We had a hundred and fifty FTE in the year 2000 at our library, and now this year we’re reporting to ARL 75 FTE for a 50% decrease.

This makes it hard to impossible to maintain current programs and services that are currently producing value to our university community, much devote more staff to web archives or double our collecting staff.


So why is this happening? Why? Why are research libraries hemorrhaging staff?

Here again, UAlbany can be a really useful case study.

And the real truth is that administrators are reallocating staff from academic libraries to units that better demonstrate a direct impact on student recruitment and retention.

Our Provost office had made the last 10 years of staffing data open. These numbers are a bit different as they don’t include temporary or adjunct lines.

In the last 10 years we’ve lost 26.7 positions for an over 27% drop but meanwhile, university as a whole has grown in staff and academic affairs has grown in staff.

And, what’s most glaring is that in our university’s functional budgeting we are budgeted as Academic Affairs Support.

Over this period, Academic Affairs Support has actually grown by over 10%, which includes the Libraries’ losses, gaining over 47 positions, most of those in writing and critical inquiry and academic advising.

University administrators are pulling staff away from research libraries towards efforts that can get more students in the door and make sure they graduate.

And this problem might get worse. There’s the potential for enrollment drops starting around 2026 just from demographic changes. This can be really noisy and really dependant on attendence rates. But the resource environment is more likely to get worse than better.

I support our university’s mission of providing an accessible education as broad a set of New Yorkers as possible, but archives and research libraries have a different mission.


So this often gets attributed to austerity, and it is austerity and a crisis in how American colleges and universities are resourced.

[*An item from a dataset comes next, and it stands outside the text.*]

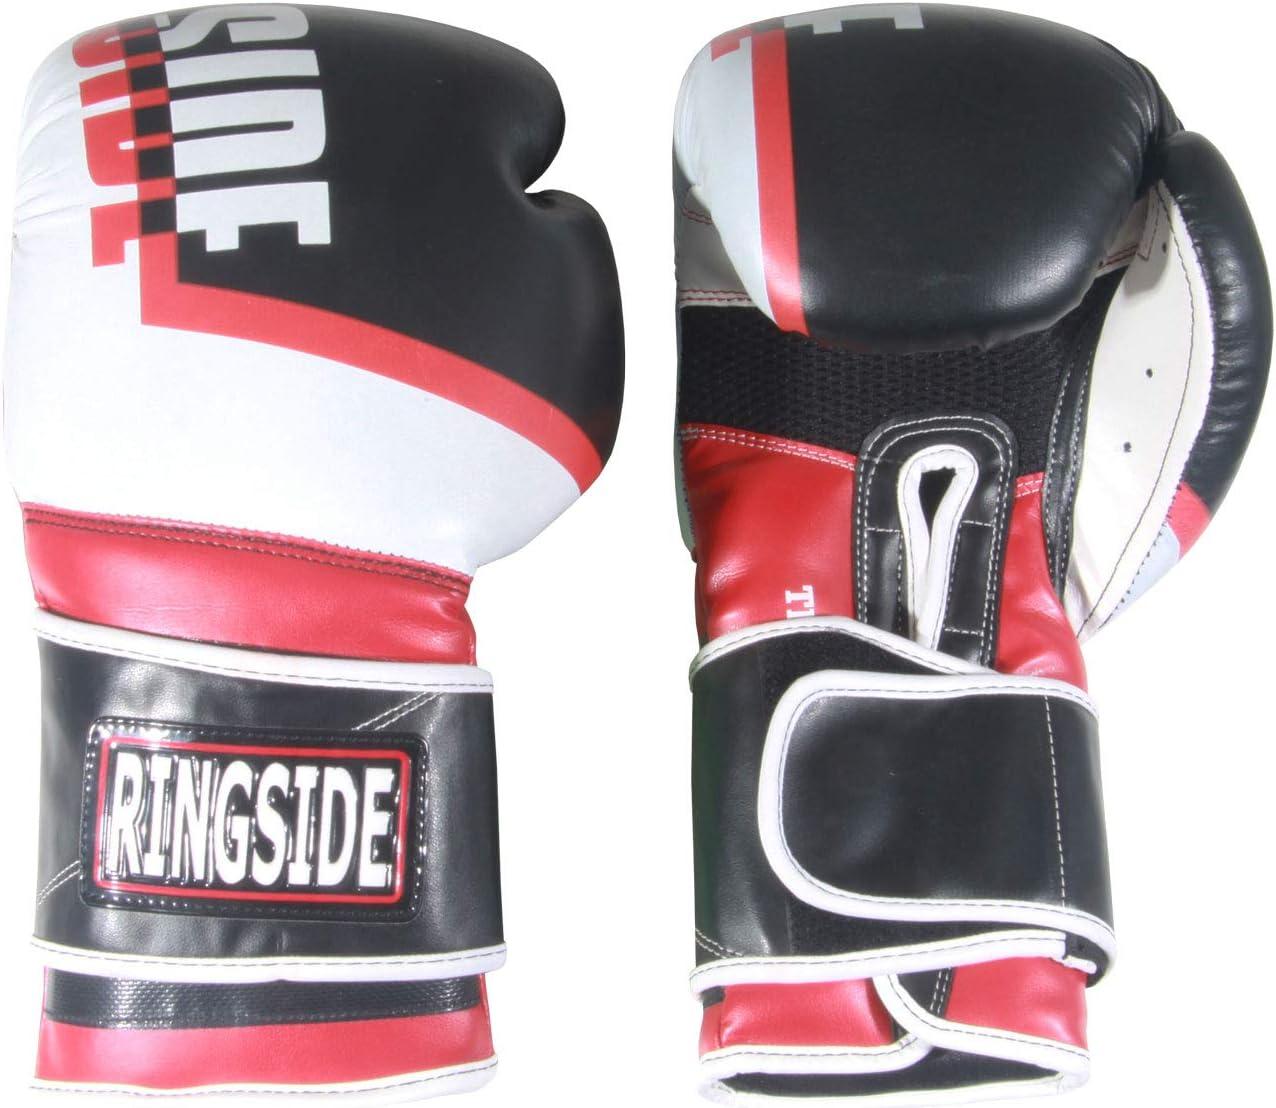 Ringside Bullet Sparring Glove

But its also kinda worse than that. It a lack of value for the mission of research libraries, both by universities and the public.

An example of this is that last year New York State, like many states had a historically pretty unique budget surplus and the state did invest in our university.

The “Albany AI Supercomputing Initiative” includes $75 million in permanent state funding and 49 new tenure track positions in every college & school in the university, most dedicated to AI.

Yet this resulted in 0 hires for the University Libraries.

Even when there’s funding for universities, there is not funding for our work.

Unlike AI apparently, the politicians behind this funding cannot run in their districts on support for research libraries.


So the really unsettling conclusions to this are that lack of staff makes web archives really wasteful in ways that we need to start trying to measure and account for.

Even when just maintaining current collections we should budget for increases in mantenance over time.

Faced with this reality, we have slowly stopped collecting the web in our major subject areas. As crawls need rescoping we just turn them off.

We are now just crawling to meet our legal requirements.

I think our pressures and experience are typical. This is a really a long term existential crisis for research libraries.

Improvements in practice or technology won’t address these structural forces.

And it’s really hard in this current environment to see how this gets better.

For this community at IIPC, this means we really cannot rely on most college and university libraries to preserve the web.